**TASK OBJECTIVE:**
All of the data below should be printed again word for word, pictures excluded.

**INPUT DATA:**
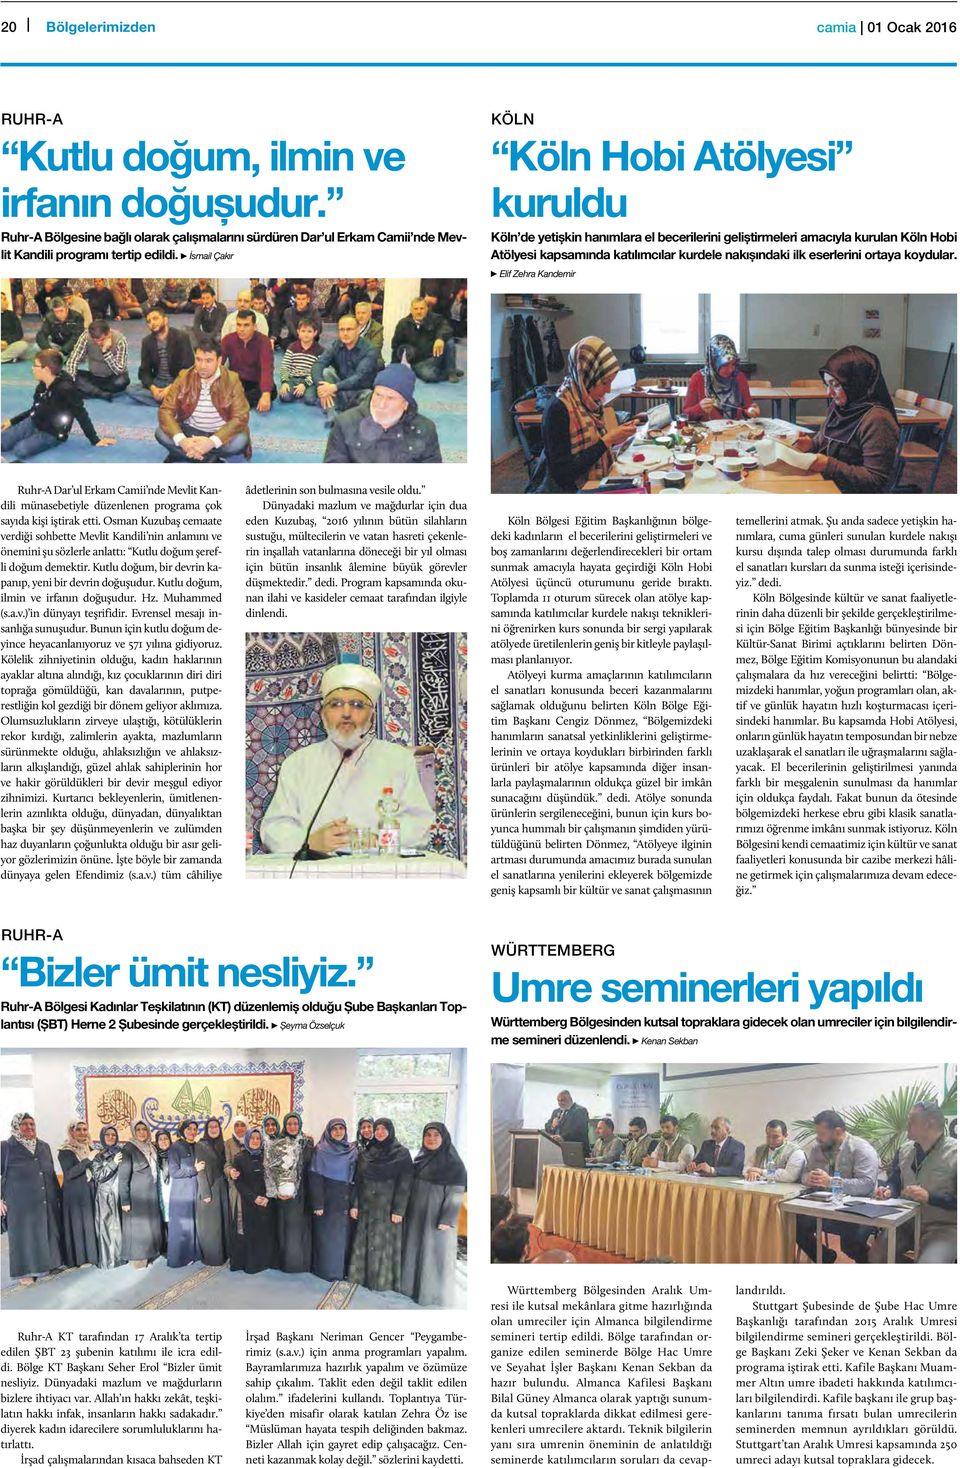 ortaya koydular. Elif Zehra Kandemir Ruhr-A Dar ul Erkam Camii nde Mevlit Kandili münasebetiyle düzenlenen programa çok sayıda kişi iştirak etti.
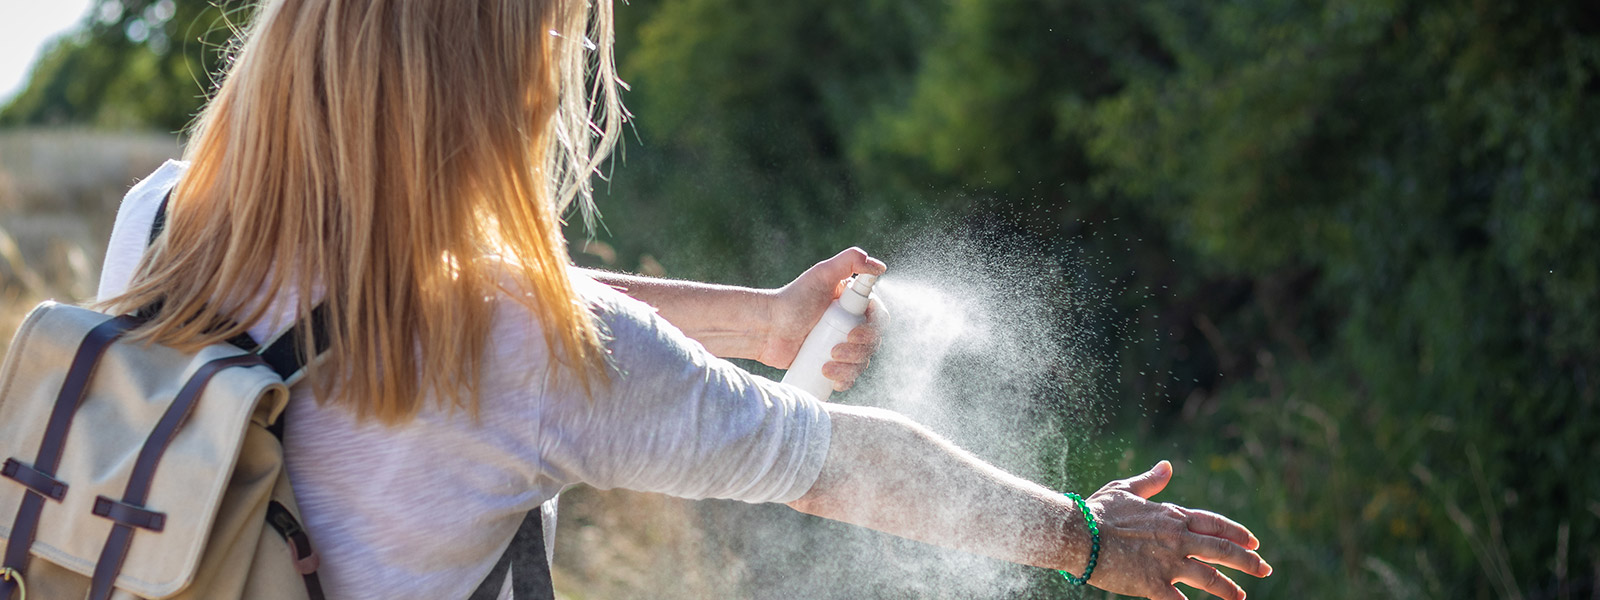 Woman spraying bug spray
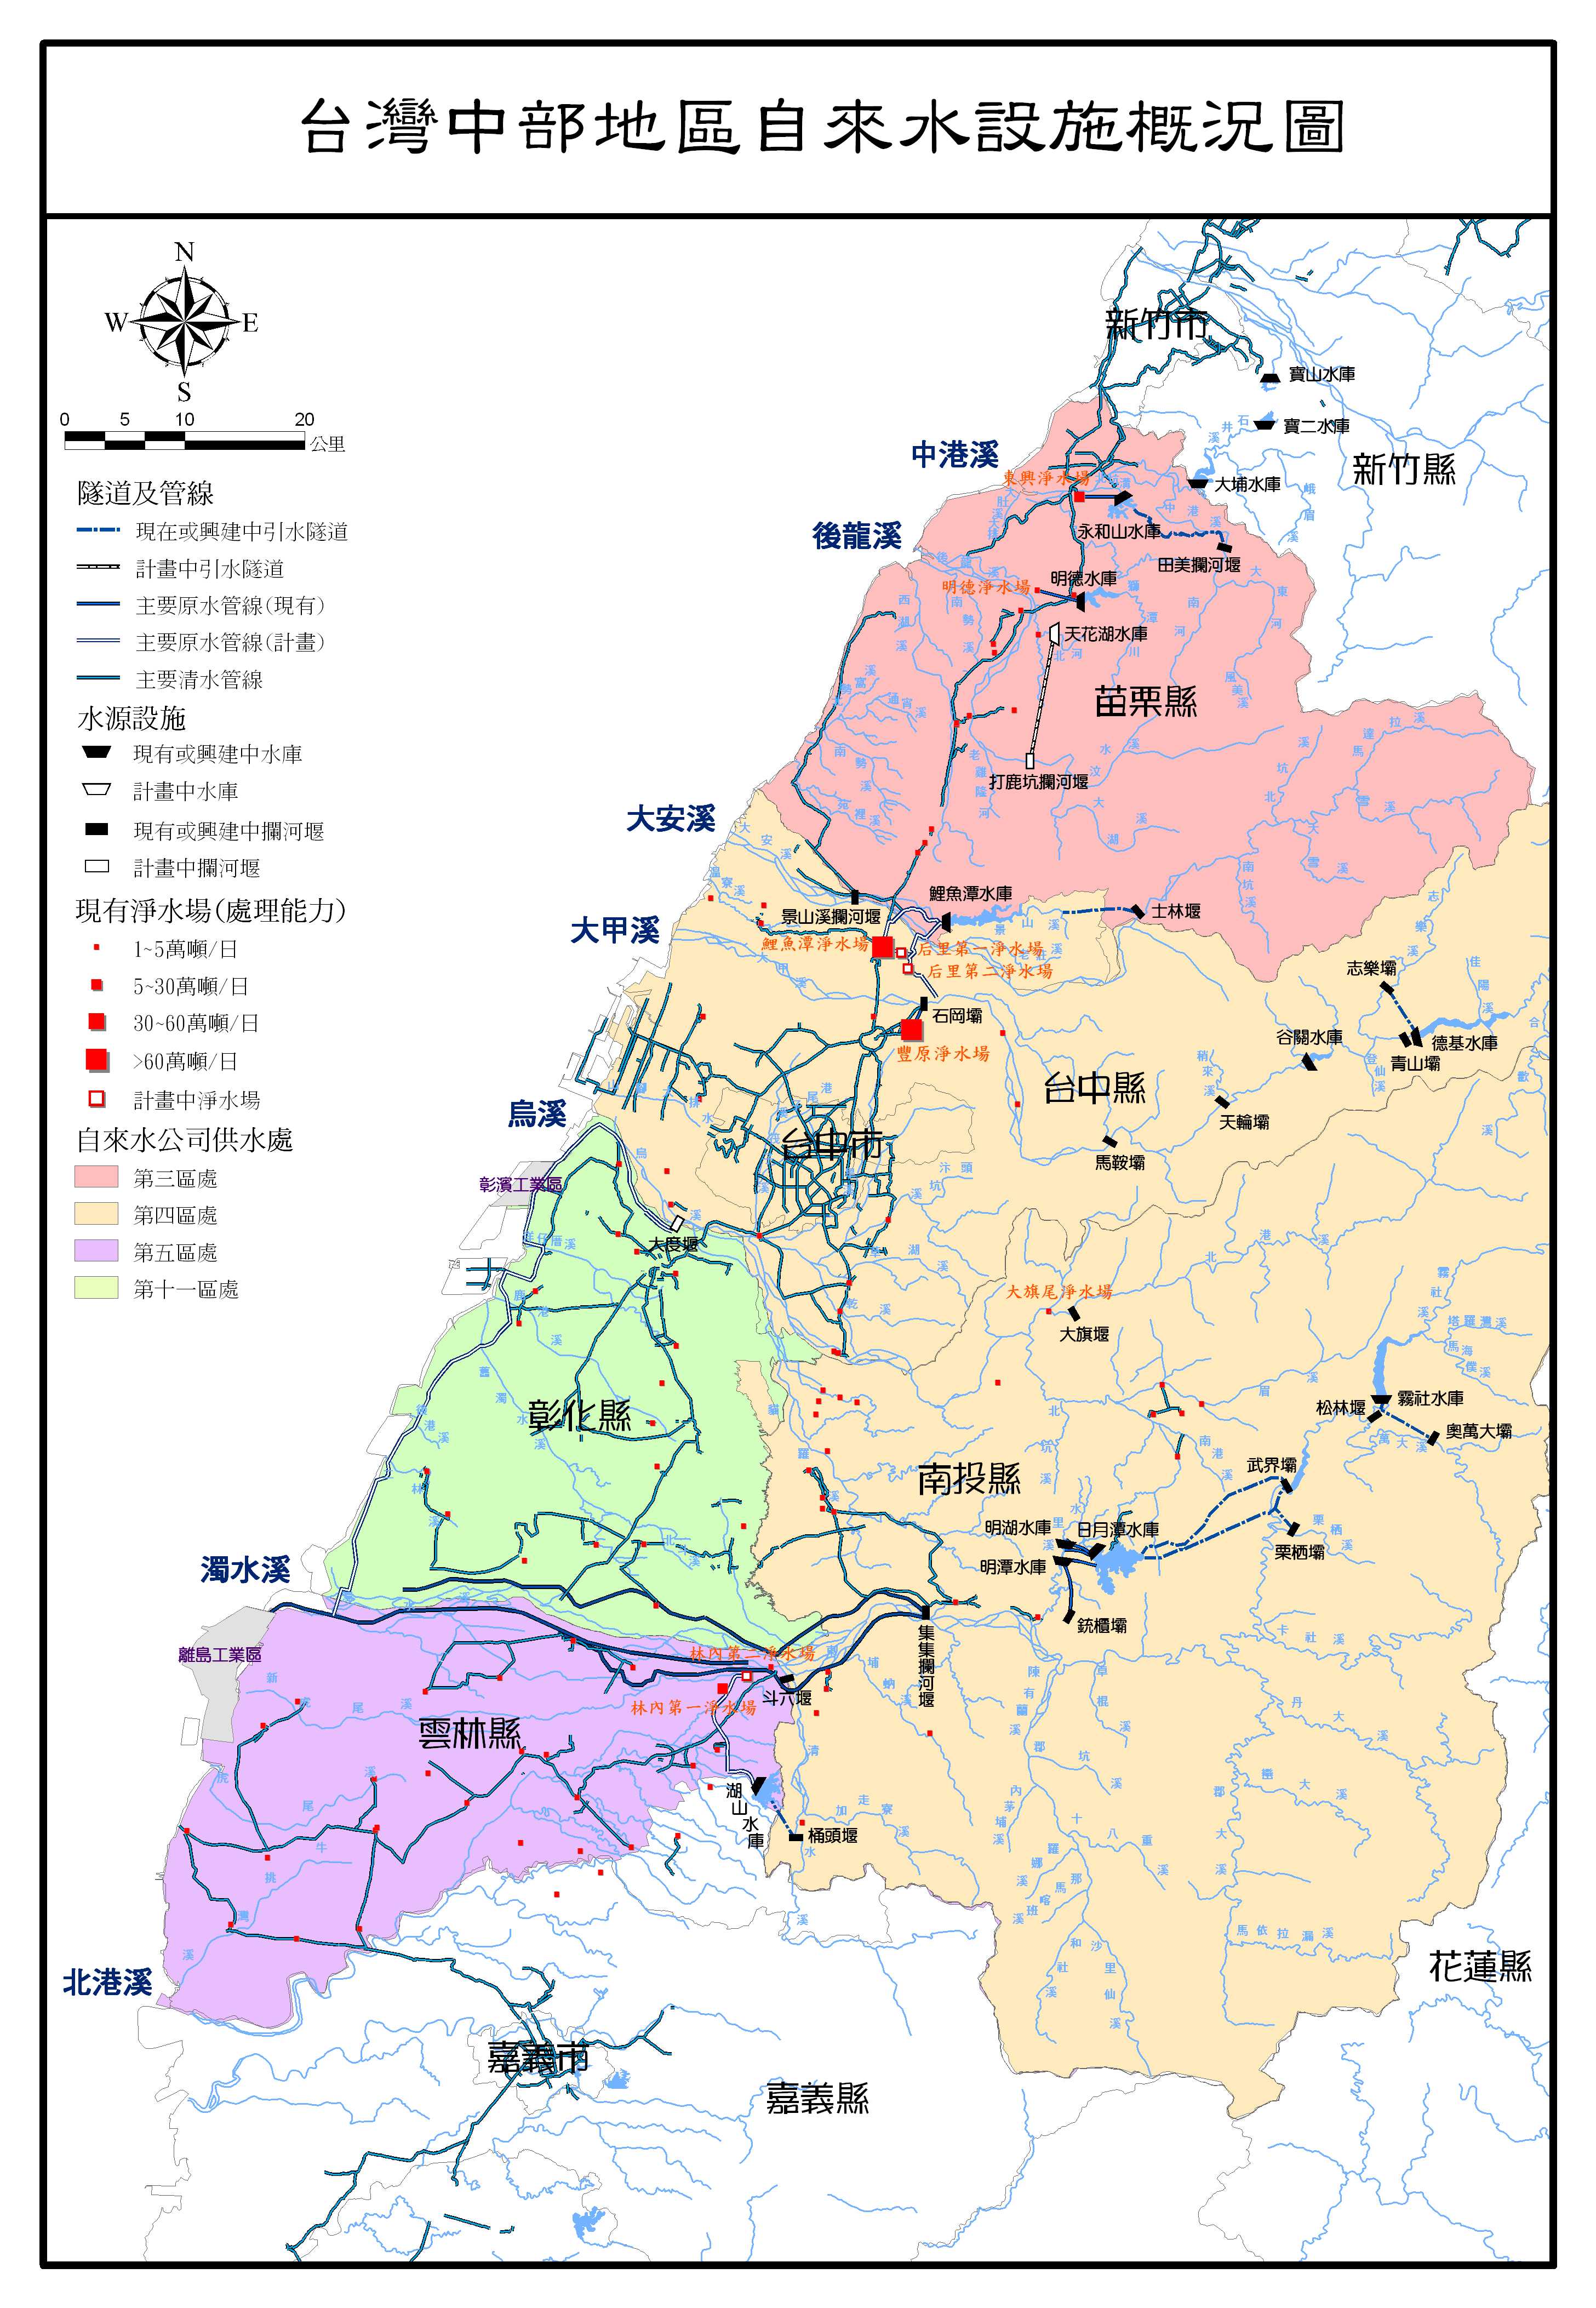 中部地區自來水設施概況圖70-103

**WRITTEN SOLUTION:**
 ortaya koydular. Elif Zehra Kandemir Ruhr-A Dar ul Erkam Camii nde Mevlit Kandili münasebetiyle düzenlenen programa çok sayıda kişi iştirak etti.
 Woman spraying bug spray
 中部地區自來水設施概況圖70-103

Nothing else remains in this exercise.